QLoRA optimizes the memory usage of the models by learning a few quantized parameters. This process enhances the training speed and scalability while retaining adaptation flexibility. Initially, we load the model and apply quantization to reduce the memory footprint. Subsequently, we fine-tune the LoRA low-rank matrices (adapters) in the layers of the frozen quantized model. This configuration enables us to train the T5 model with three billion parameters on a single GPU.

Usage:

The code is built using the NVIDIA container image of Pytorch, release 23.10, which is available on NGC. The code is built using the following libraries:

  • Ubuntu 22.04 including Python 3.10
  • NVIDIA cuDNN 8.9.5
  • PyTorch 23.10

For Docker 19.03 or later, a typical command to launch the container is:

docker run --gpus all -it --rm nvcr.io/nvidia/pytorch:xx.xx-py3

For Docker 19.02 or earlier, a typical command to launch the container is:

nvidia-docker run -it --rm -v nvcr.io/nvidia/pytorch:xx.xx-py3

Where:

  • xx.xx is the container version that is 23.10

Install the following libraries inside the docker:

pip install bitsandbytes==0.43.0
pip install transformers==4.39.1
pip install peft==0.10.0
pip install accelerate==0.28.0
pip install datasets==2.18.0
pip install trl==0.8.1
pip install ninja==1.11.1.1
pip install packaging
pip install evaluate==0.4.1
pip install rouge-score==0.1.2

Baseline Model T5–3b:

You can find the code for this tutorial from github repository. Pytorch summarization task example is used as base code which is available at Link, accessed on march 28, 2024. This medium blog is also helpful for this tutorial. Encoder decoder based model is used in this tutorial (google-t5/t5–3b from huggingface) which is finetuned on the popular billsum dataset. The BitsAndBytes package is used to apply quantization to the model which will significantly reduce the memory footprint of the model. PEFT library is utilized to apply LoRA adapters inside the layers of the frozen quantized model.

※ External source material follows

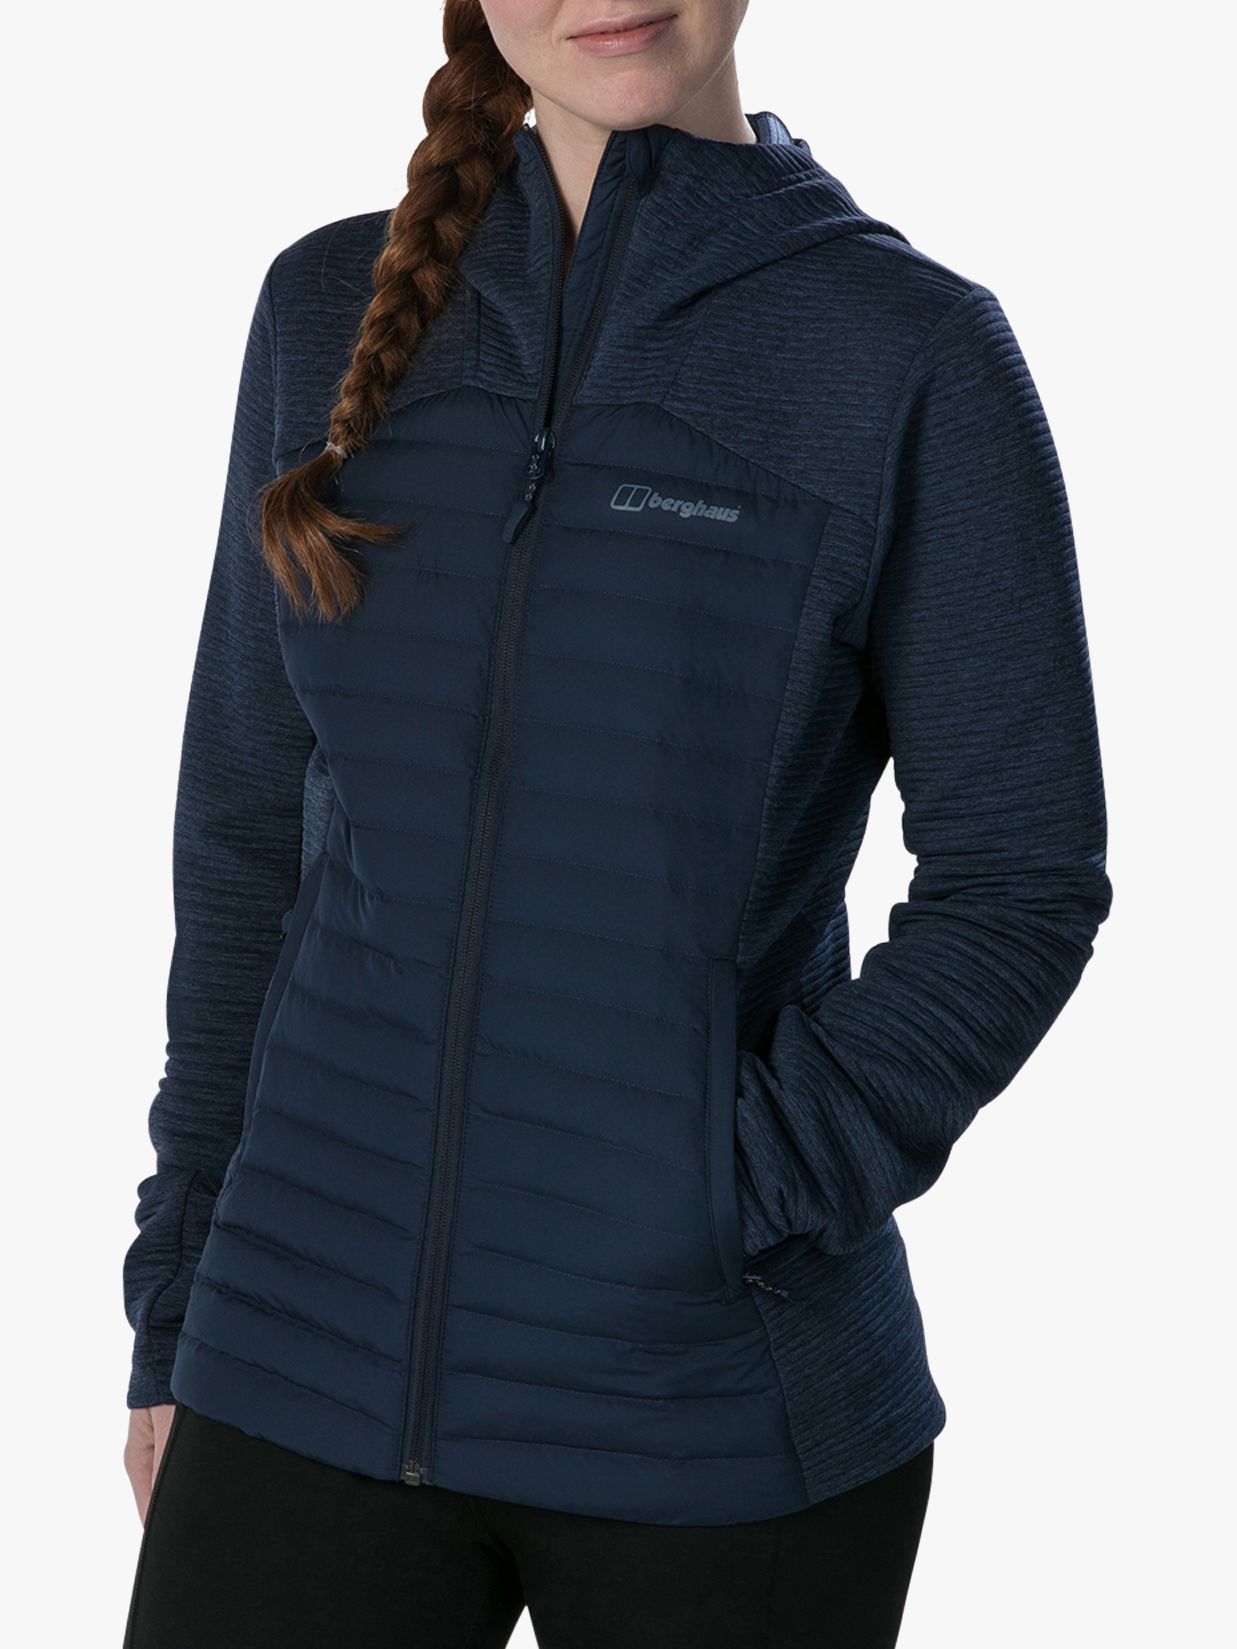 Berghaus Nula Hybrid Women's Water Resistant Jacket, Dusk, 8

Fine-tuning with QLoRA (Quantized Low-Rank Adaptation):

In QLoRA, quantization is applied to reduce the memory footprint of the model. This technique involves converting the model’s weights from a float32 format to a smaller one, typically 4 or 8 bits. Next, we freeze the quantized weights of the base model and perform backpropagation only on the weights of a lower-rank matrix that overlays the quantized base model.

Visualization of the model with QLoRA matrices A and B with rank r

The benefit lies in the significantly reduced number of trained weights compared to those in the base model, while maintaining the accuracy. Furthermore, the quantized model occupies much less RAM space than the original one (the google-t5/t5 3B model memory footprint reduces from approximately 11.4GB to just 4.29GB), allowing for development on a powerful local machine or a free Google Colab instance.

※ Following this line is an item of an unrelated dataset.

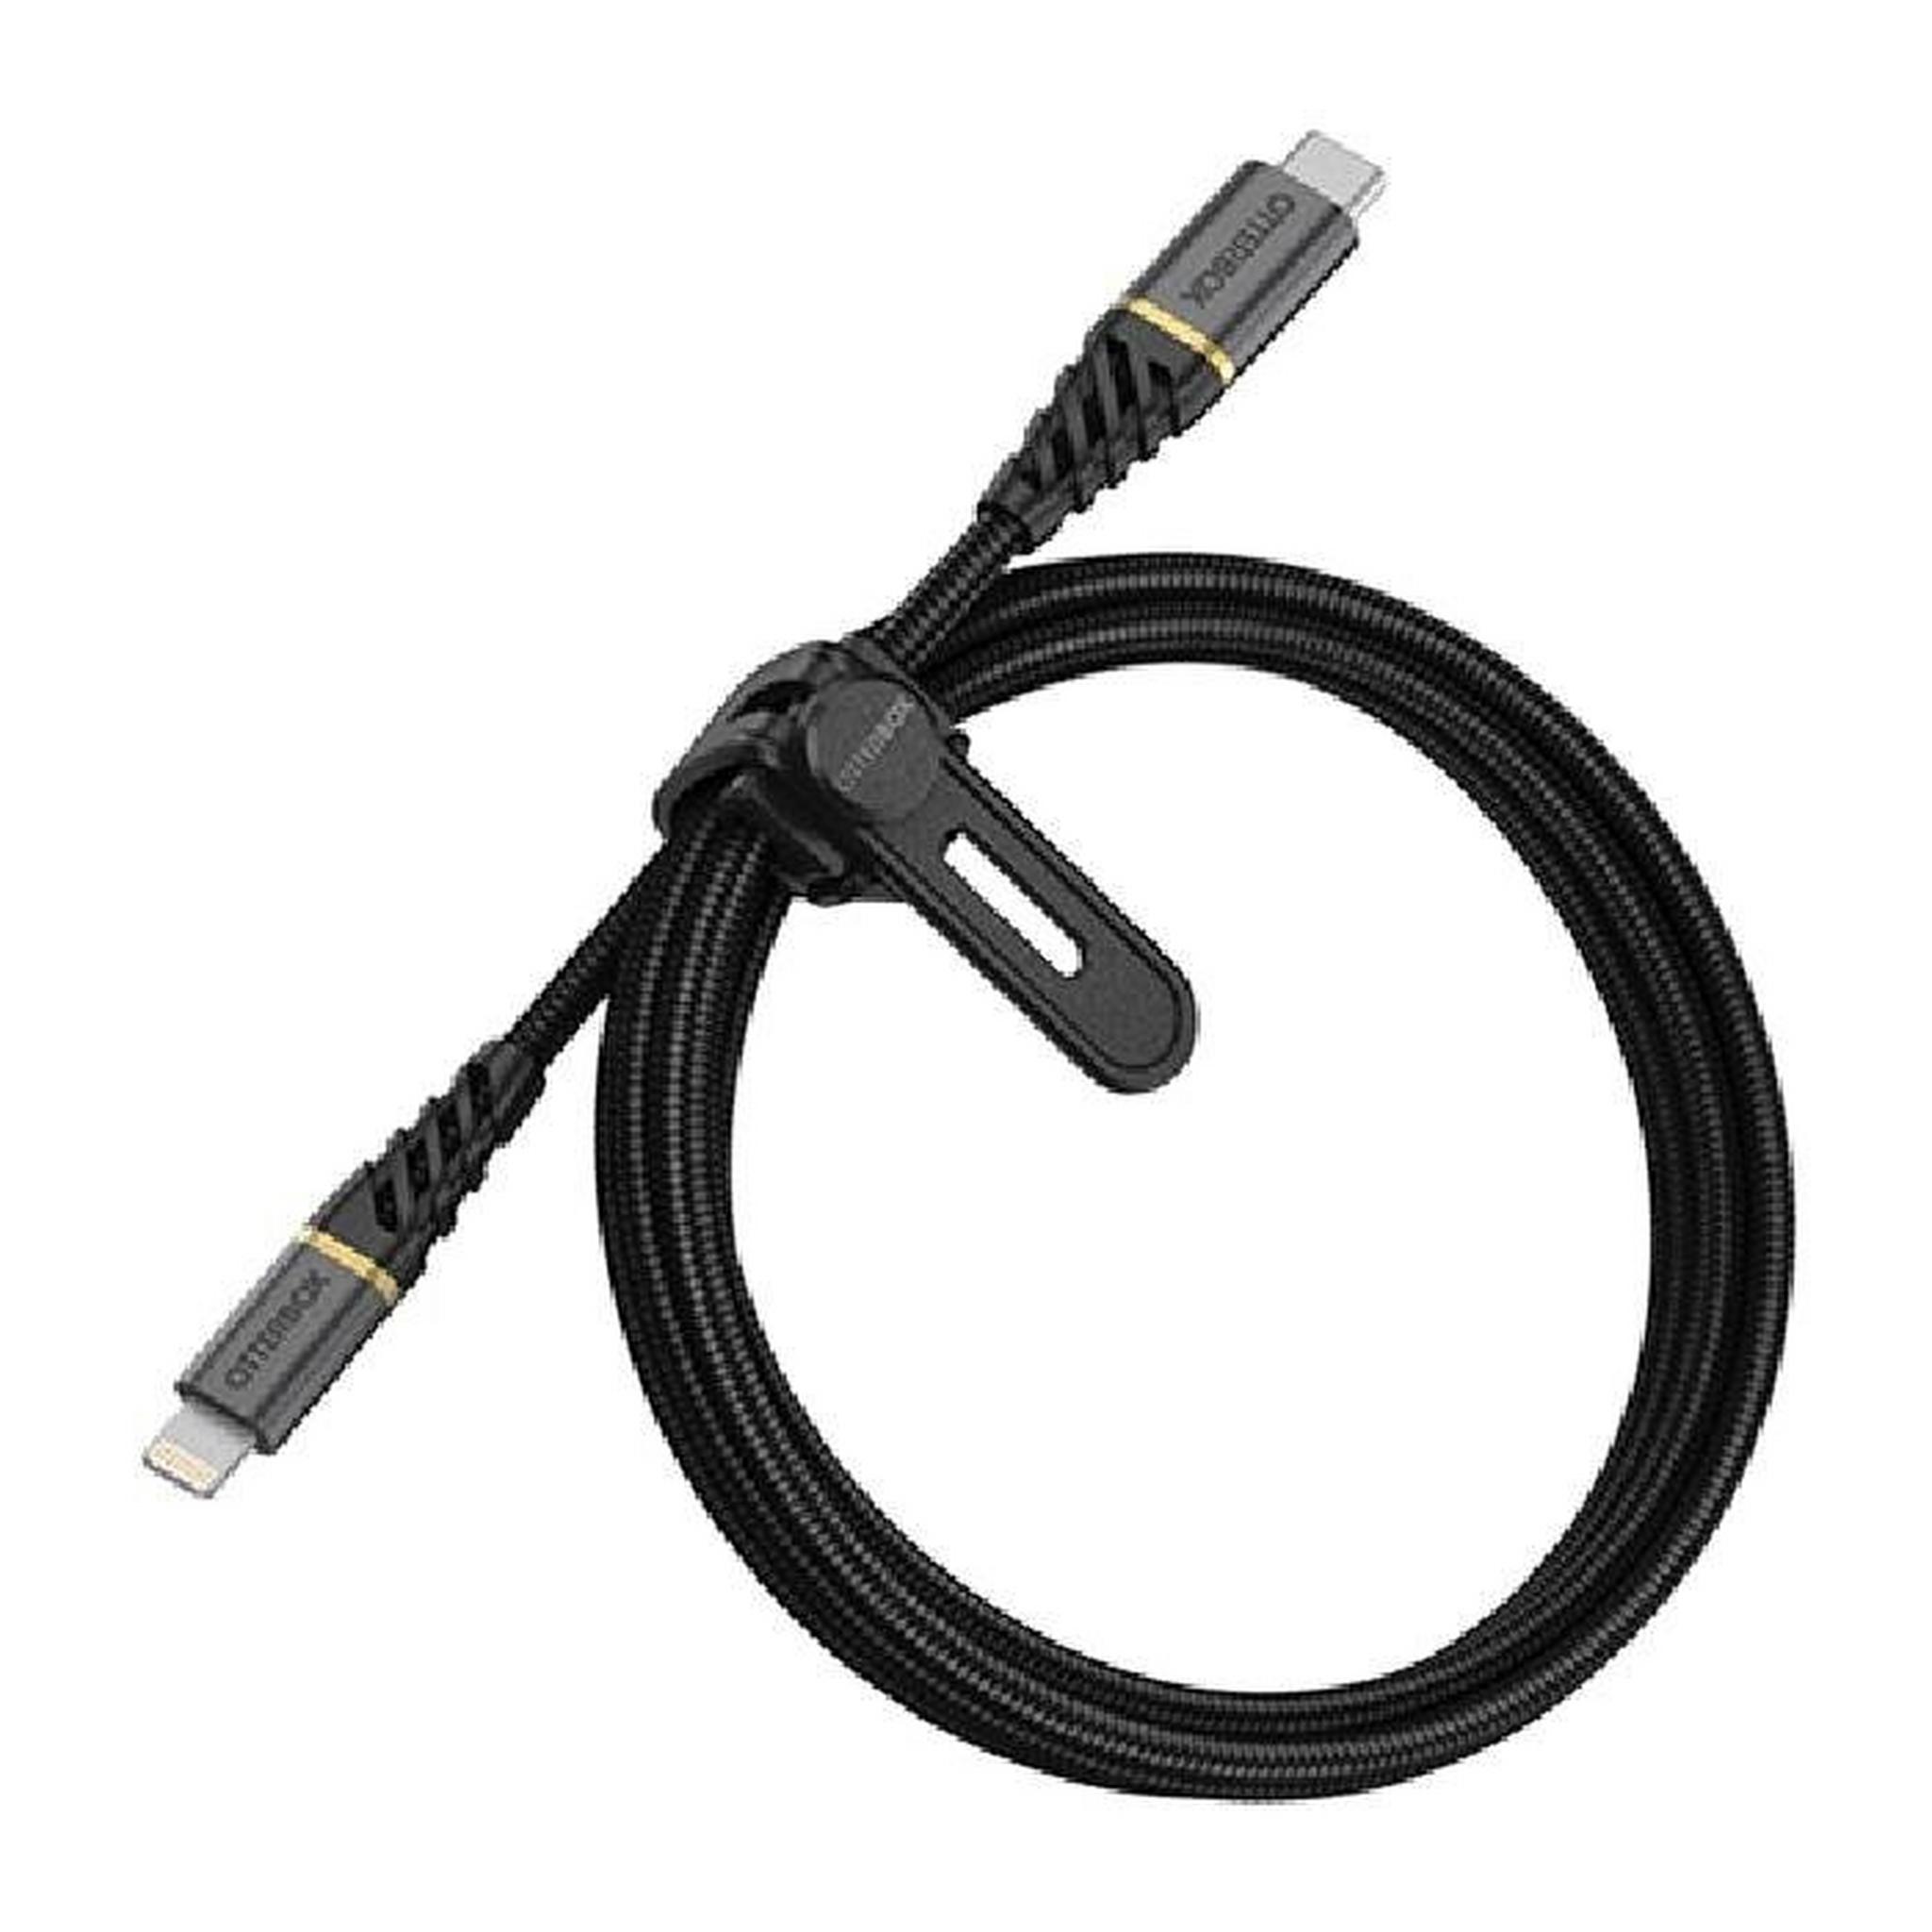 OtterBox Premium USB-C to USB-C Cable 3-Meters (78-52679) - Black

In this tutorial, the T5 model is used with three billion parameters. T5 is an encoder-decoder model and performs efficiently for Seq2Seq tasks.

from transformers import AutoTokenizer

checkpoint = "t5-3b"
tokenizer = AutoTokenizer.from_pretrained(checkpoint)

Next, we have used quantization configurations to load the model in lower precision such as NF4 format (4-bit Normalized Float — NF4). It is a new data type ideal for normally distributed weights, and implementing double quantization to achieve additional memory conservation. However, during computations, these operations can only be executed in float16 or bfloat16, contingent upon the GPU’s capabilities. As a result, they will be converted during calculation and later reverted to the compressed format.

#Quantization as defined https://huggingface.co/docs/optimum/concept_guides/quantization will help us reduce the size of the model for it to fit on a single GPU 
#Quantization configuration
compute_dtype = getattr(torch, "float16")
print(compute_dtype)
bnb_config = BitsAndBytesConfig(
load_in_4bit=True,
bnb_4bit_quant_type="nf4",
bnb_4bit_compute_dtype=compute_dtype,
bnb_4bit_use_double_quant=True,
)
  • load_in_4bit=True to quantize the model to 4-bits when you load it
  • bnb_4bit_quant_type="nf4" to use a special 4-bit data type for weights initialized from a normal distribution
  • bnb_4bit_use_double_quant=True to use a nested quantization scheme to quantize the already quantized weights
  • bnb_4bit_compute_dtype=torch.float16 to use float16 for faster computation

Next, we load the full precision model to compare with the quantized model and to calculate the memory reduction ratio.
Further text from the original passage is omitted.